● **Goal of the exercise**
Look in the material below for the line holding "Calgary Creative Agency". Set it down exactly, with each later line up to and including the line holding "The Gospel Reminder".

● **Given information**

Segment Open

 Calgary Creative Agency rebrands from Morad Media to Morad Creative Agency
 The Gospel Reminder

Segment Closed
Segment Open

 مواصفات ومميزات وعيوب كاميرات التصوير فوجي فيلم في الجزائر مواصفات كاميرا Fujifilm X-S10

Segment Closed

● **Problem solution**
 Calgary Creative Agency rebrands from Morad Media to Morad Creative Agency
 The Gospel Reminder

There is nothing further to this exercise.